Имя мне – Красный
Шрифт:
– Ты видишь сны? – спросила я Шевкета.
– Да, – улыбнулся он, – мне снится, что отец так и не вернулся и я женюсь на тебе.
Он похож на меня, не на отца: у него мои черные глаза, тонкий нос, широкие плечи. Иногда я чувствую себя виноватой, что не передала сыновьям высокий лоб их отца, – головы у них приплюснутые.
– Ну беги, поиграйте с братом саблей.
– Отцовой старой саблей?
– Да.
Я долго сидела, подняв глаза к потолку, слушала, как звенит сабля, ударяясь о дерево, и пыталась подавить нарастающее волнение и страх. Потом спустилась на кухню и сказала Хайрийе:
– Отец
Шевкет, услышав мои слова, прибежал на кухню, а мы с Орханом поднялись наверх. Я взяла его на руки, поцеловала в шею.
– Э, да ты весь вспотел! А это что такое?
– Шевкет ударил. Мы играли – как будто у него дядина красная сабля.
– Синяк получился, – сказала я, потрогав ушибленное место. – Больно? Этот Шевкет такой грубый. Ладно, послушай, что я тебе скажу. Ты у меня очень умный и сообразительный мальчик, и я тебя хочу кое о чем попросить. Если сделаешь, что я попрошу, открою тебе тайну, которую ни Шевкет, ни кто другой никогда не узнает.
– Правда?
– Видишь эту бумажку? Тебе нужно будет войти в дедушкину комнату и передать ее Кара-эфенди, только так, чтобы дедушка не видел. Понятно?
– Понятно.
– Сделаешь?
– А что за тайна?
– Сначала отнеси бумажку, – сказала я и еще раз поцеловала Орхана в шею, от которой исходит такой приятный запах. Впрочем, приятным я назвала его по привычке. Дети уже давно не ходили в баню с Хайрийе, с тех пор как у Шевкета при виде голых женщин стала твердеть пиписька. – А про тайну я тебе потом расскажу. Ты у меня такой умница, такой красавец. А Шевкет злой. Он даже на маму руку поднимает.

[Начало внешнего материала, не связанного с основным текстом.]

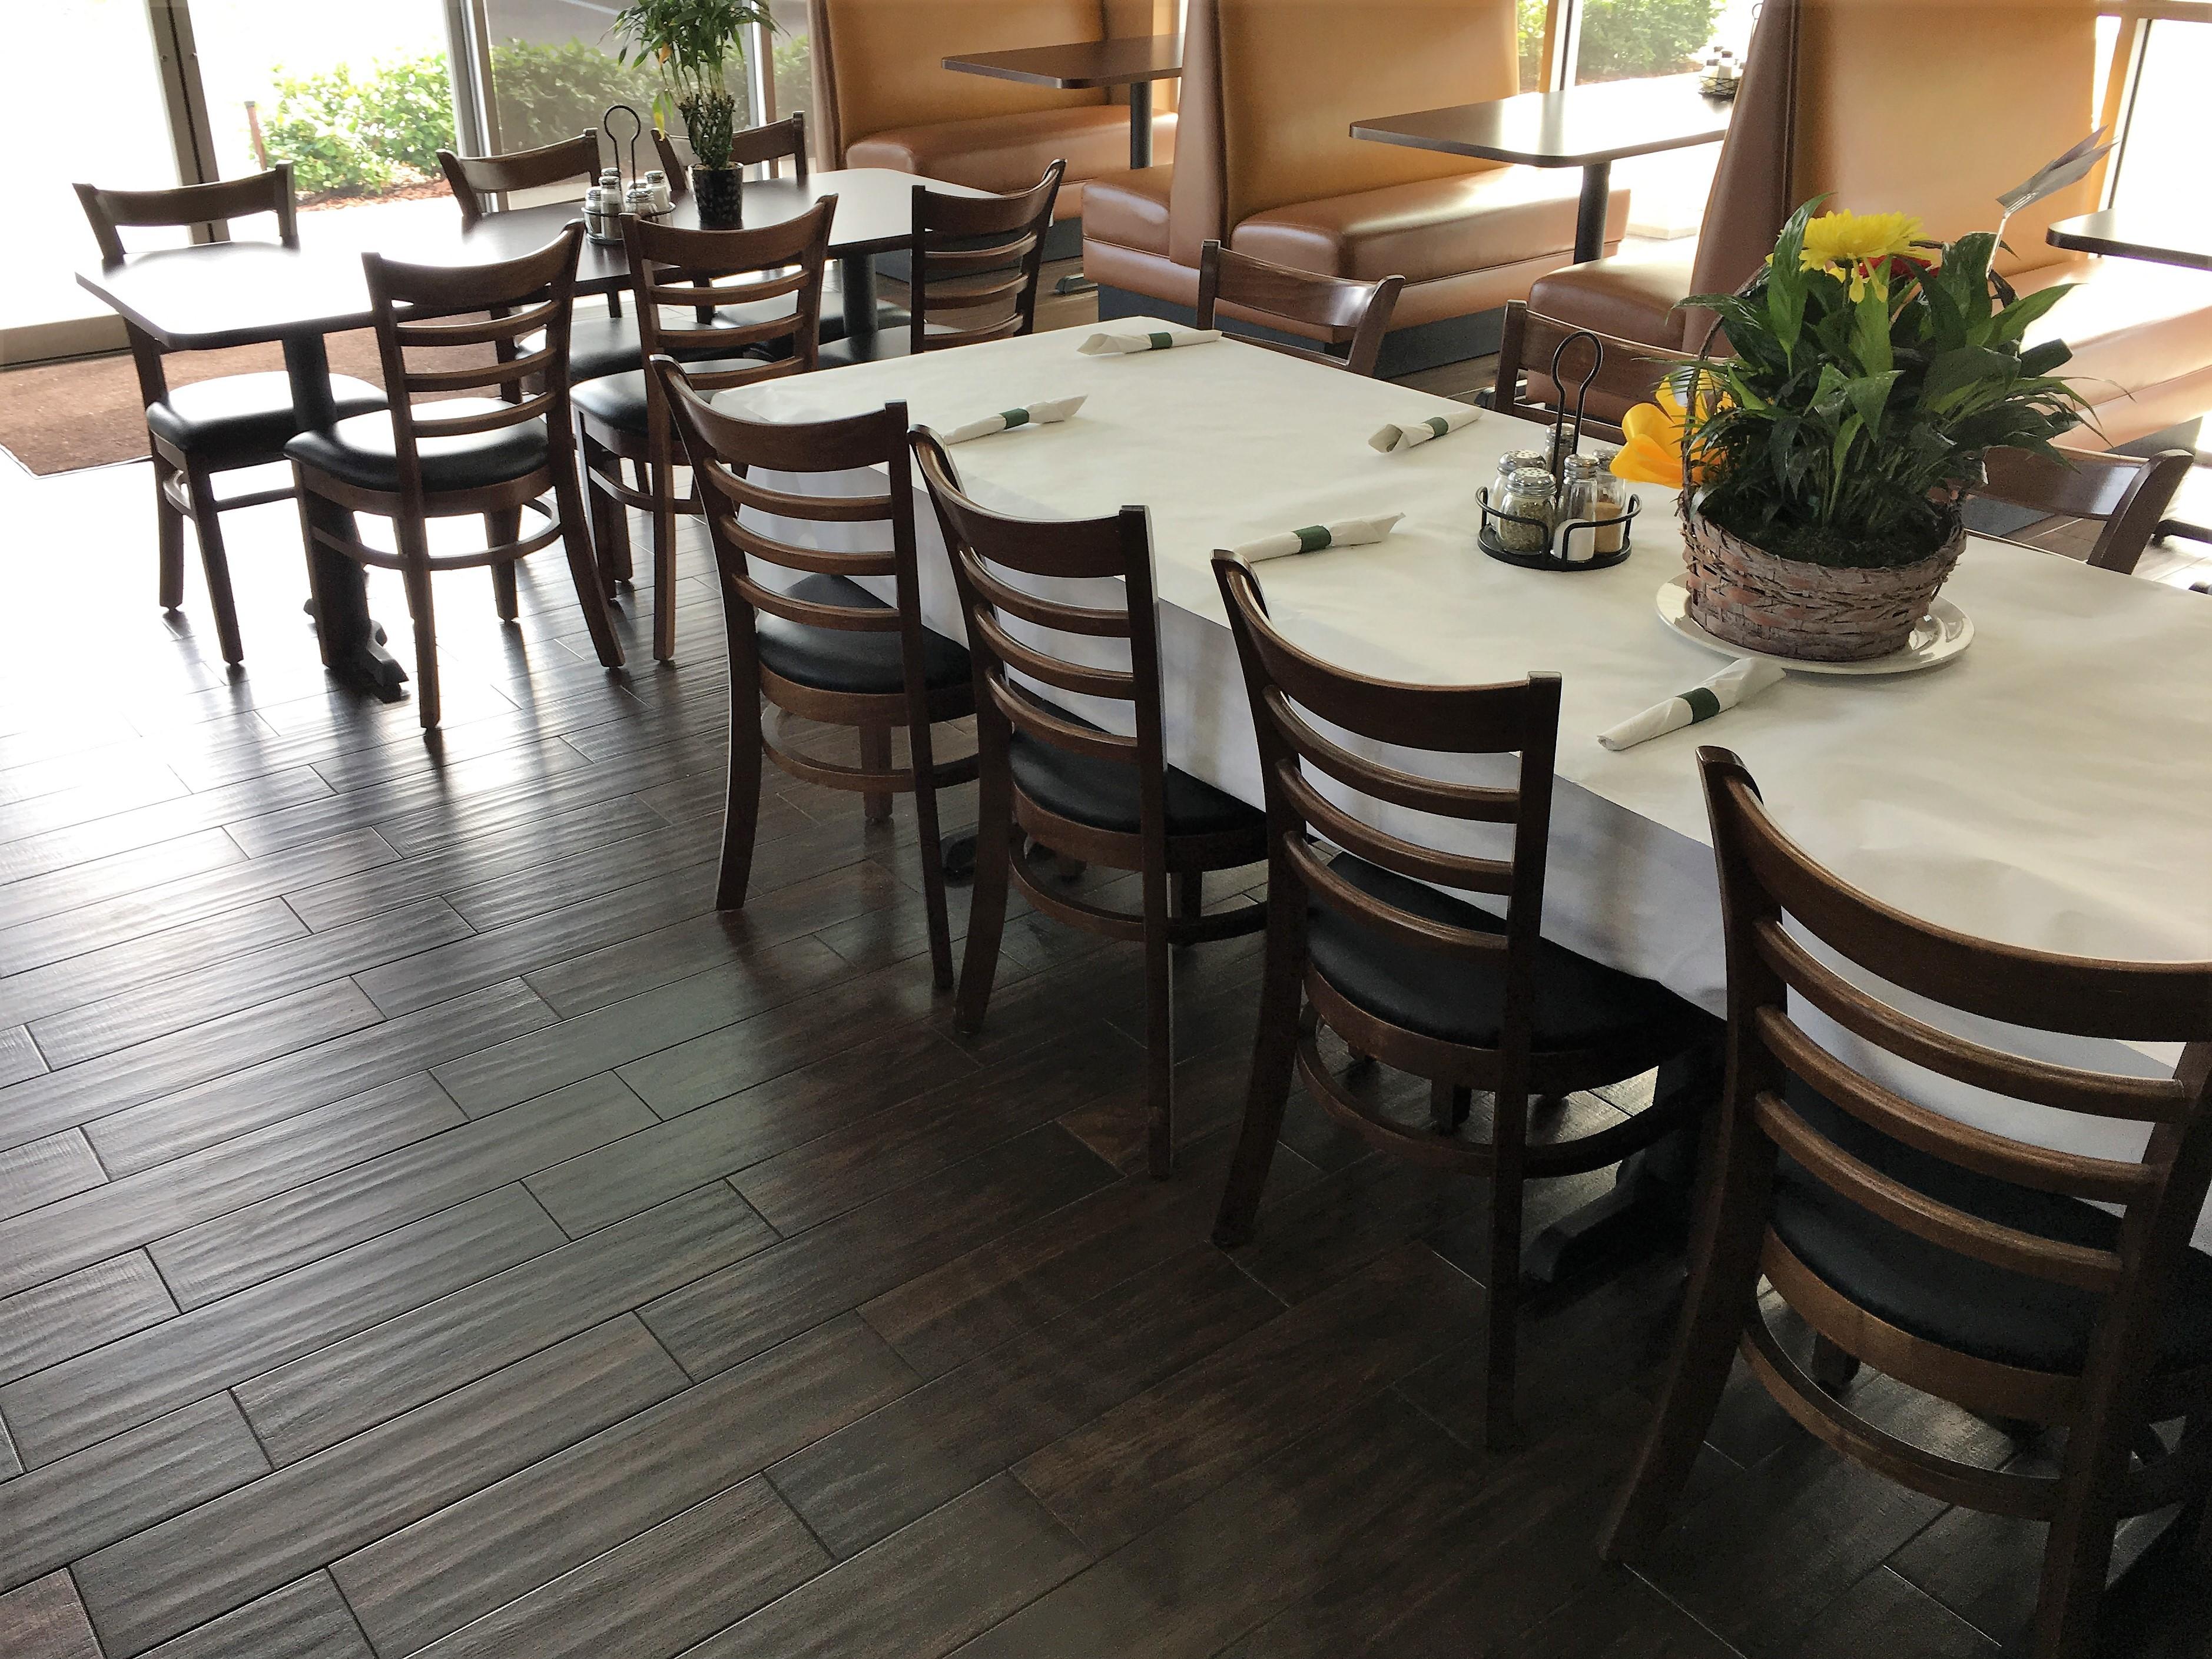 Pizza U0026 Italian Restaurants For Sale In The Central Florida Area
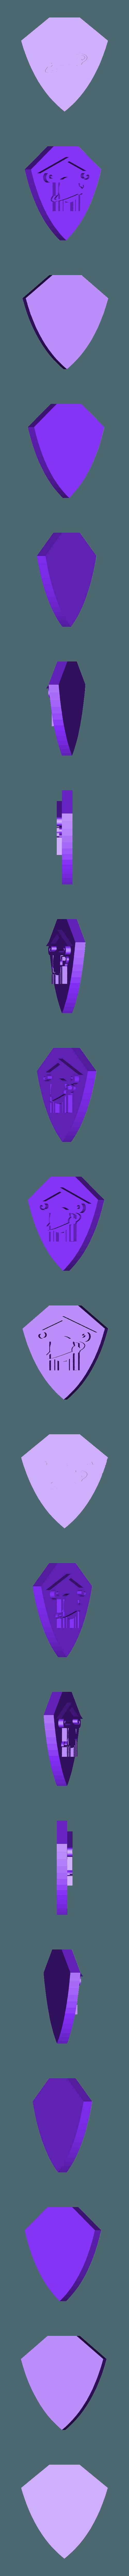 kfgzlogo.STL Download free STL file School logo • 3D printer model, rpeti240

– Не понесу бумажку, – заупрямился Орхан. – Я боюсь Кара-эфенди. Он отца убил.
– Это тебе Шевкет сказал, так? А ну сбегай позови его сюда!
Видимо, выражение лица у меня было очень сердитое – Орхан испуганно соскочил с моих коленей и убежал. А может, и обрадовался тоже: понял, что достанется не ему, а Шевкету. Вскоре они оба явились, запыхавшись от бега по лестнице. Шевкет в одной руке держал кусок пастилы, в другой – саблю.
– Ты сказал брату, что Кара-эфенди убил вашего отца. Только посмей еще раз сболтнуть подобное в этом доме! Вы должны любить и уважать Кара-эфенди, понятно? Вы же не хотите на всю жизнь остаться без отца?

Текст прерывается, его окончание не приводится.